Report No. PA-95-1
CONTENTS
Page EXECUTIVE SUMMARY
1
1.0 BACKGROUND
4
2.0 TEST PROCEDURE
4 2.1 Process Description 4 2.2 Sampling Description 8
3.0 TEST RESULTS
9 3.1 Pulp Quality
10 3.2 Effluent
Characteristics
11 3.3 Operating
Costs
13
4.0 CONCLUSIONS AND RECOMMENDATIONS
16
APPENDICES
Appendix A Process Flow Diagram
Appendix B Effluent/Sludge Test Results and Polymer Applications
Appendix C TAPPI Test Methods
Appendix D
Operating Cost Data Units of Consumption Unit Cost MajorAssumptions EXECUTIVE
SUMMARY
The lack of affordable, efficient, small-scale technologies for recovery of high-value, low-volume fiber, such as from poly-coated bleached paperboard, poses a significant technological barrier to their recycling.

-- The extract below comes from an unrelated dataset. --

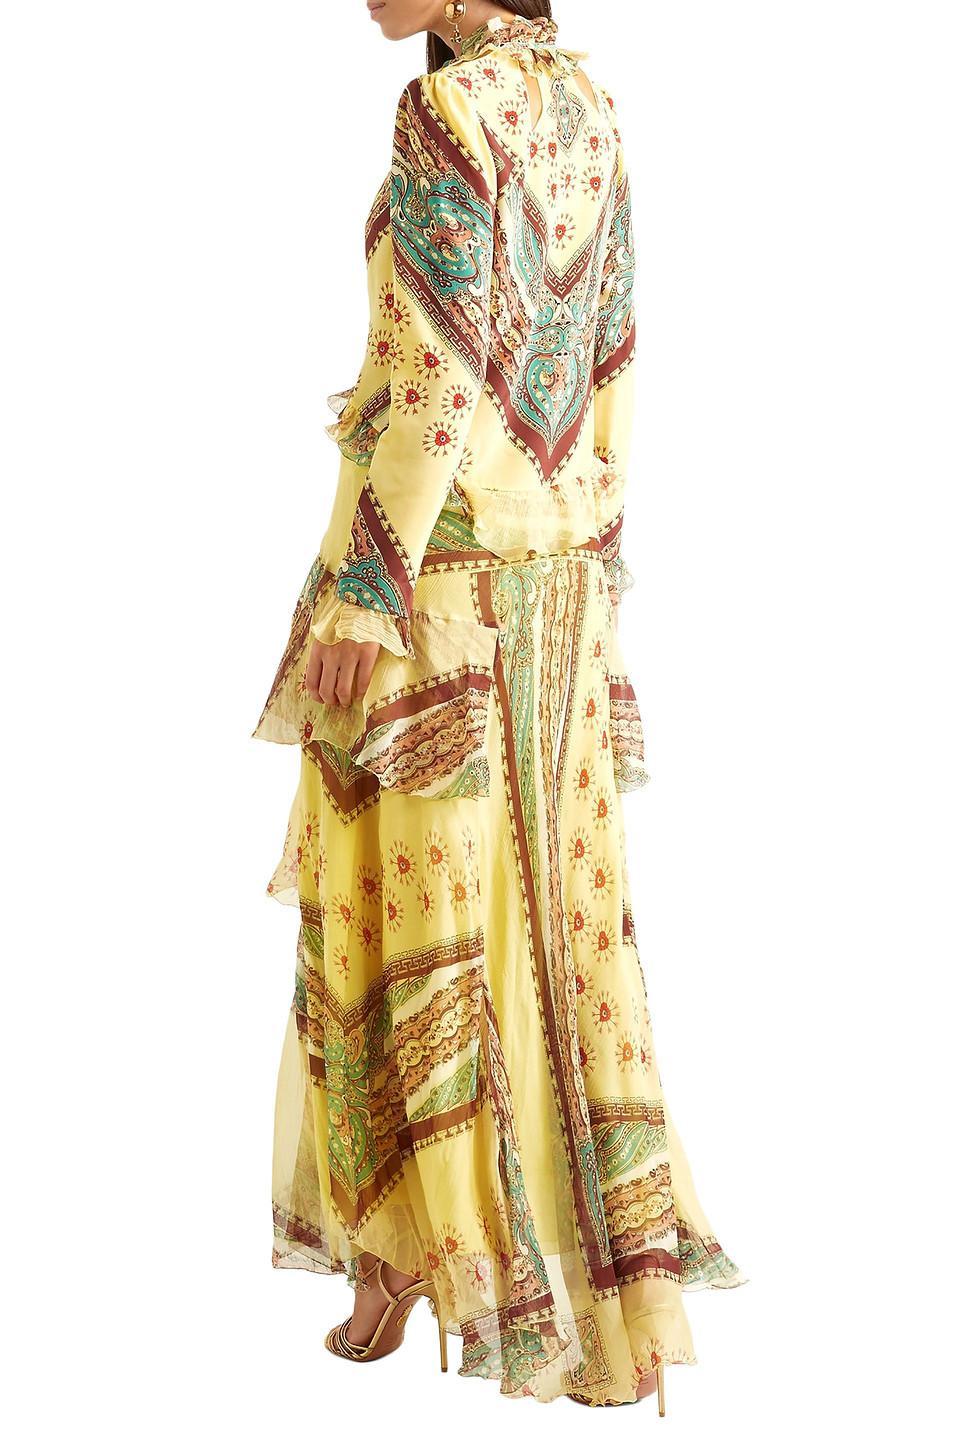 etro embroidered tiered dress

This report details the evaluation of a small-scale system for fiber recovery from milk carton/drink boxes (MCDBs). Pulp characteristics, effluent characteristics, and operating costs were monitored during the system's trial.
Typically, only large-scale paper producers/recyclers are able to sustain the high capital expenditures and low return on investment that are characteristic of most fiber recovery operations. Regenex L.L.C. (a spin-off company of Pellerin Milnor Corporation, a leading manufacturer of commercial laundry equipment) has developed a modular fiber recovery system that is a variation of an established Pellerin Milnor product line known as the continuous batch Tunnel Washer system. Due to the unique material transfer methods of the Tunnel Washer system, several process functions are combined in a single piece of equipment. The new technology also allows reasonable return on investment for value-added processing of MCDBs on a scale significantly smaller than conventional paper mill technology allows (e.g., on the order of 3 bone-dry-tons/day versus 300 bone-dry-tons/day). The modular system is characterized by both low capital cost and low operating expenses, thus making small-scale fiber recovery operations feasible.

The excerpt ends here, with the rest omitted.